HeadlinesBriefing favicon HeadlinesBriefing.com

AI Carb Counters Show Dangerous Inconsistency

Hacker News •
×

A preprint study sent 13 real‑world food photos to four leading language models—OpenAI’s GPT-5.4, Anthropic’s Claude Sonnet 4.6, Google Gemini 2.5 Pro and Gemini 3.1 Pro Preview—over 500 times each, totaling 26,904 queries. Even at the lowest randomness setting, every model produced different carbohydrate estimates for the same image, with variations large enough to trigger hypoglycaemia, making the results alarming for anyone relying on AI‑driven carb trackers.

Variation differed by model. Claude’s estimates stayed within a 5 % coefficient of variation for most dishes, while Gemini 2.5 Pro swung over 10‑20 % and sometimes spanned 429 g of carbs—a 42.9‑unit insulin discrepancy on a single paella photo. GPT‑5.4 showed the widest spread, averaging a 74 g carb count for a 40 g reference sandwich. Such inconsistency undermines trust in automated nutrition advice.

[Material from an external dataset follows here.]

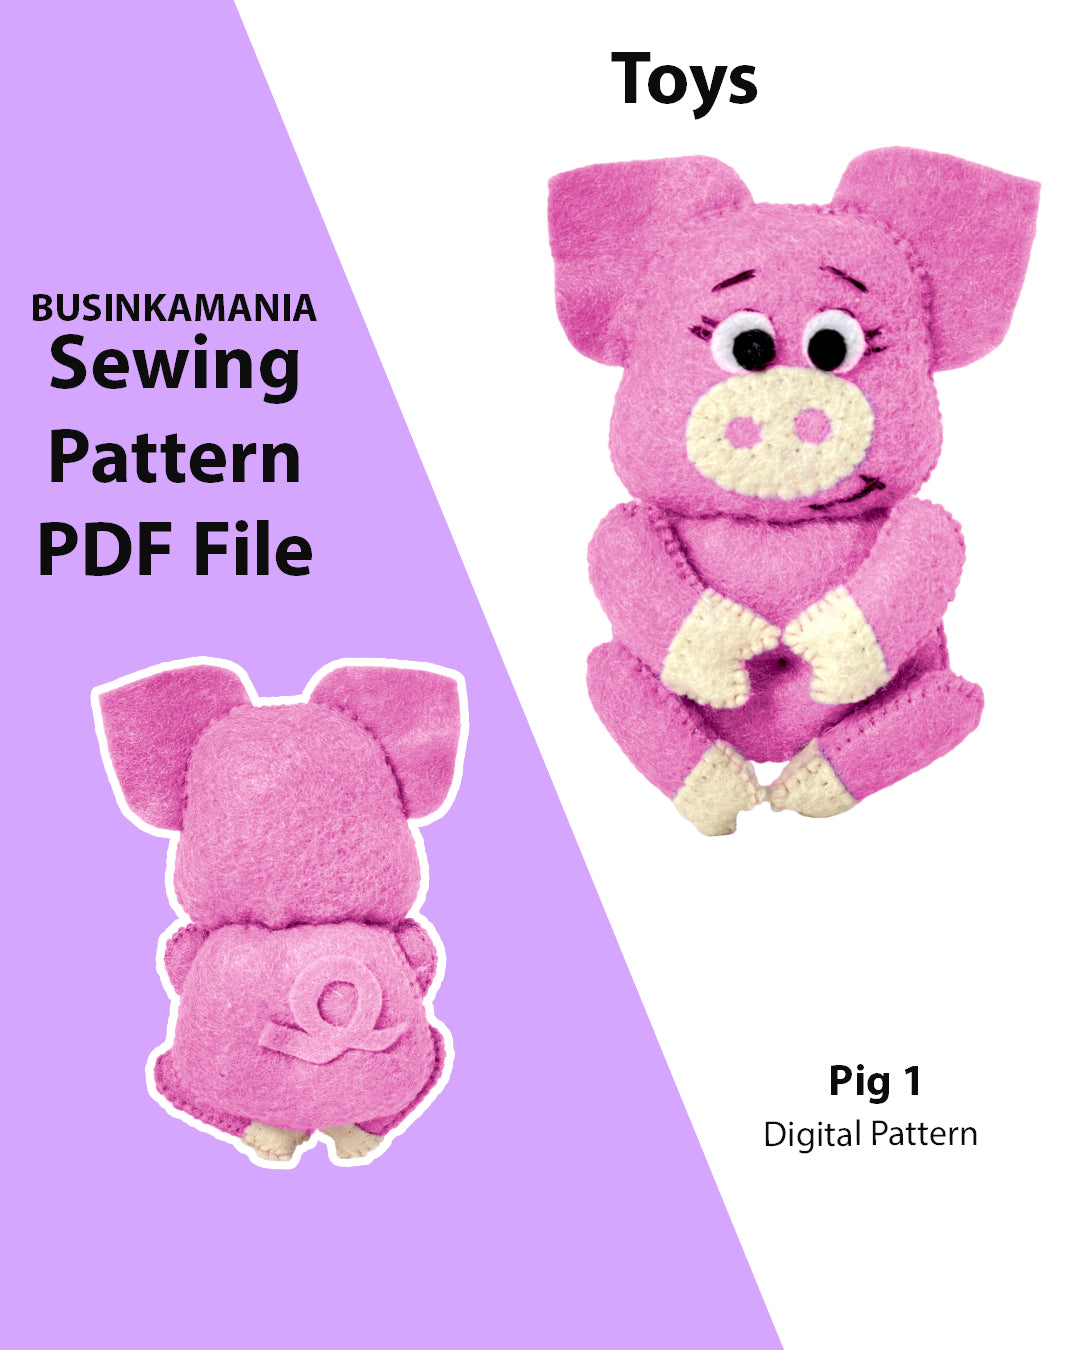 Padrão de costura de brinquedo de feltro Pig 1

Confidence scores from all four models proved useless; correlation with actual accuracy hovered near zero, and high‑confidence outputs were often the least accurate. Because a diabetes app returns only a single number, users cannot gauge whether they received a typical estimate or an extreme outlier. Regulators should treat these tools as experimental, reinforcing warnings against using generic LLMs for insulin dosing.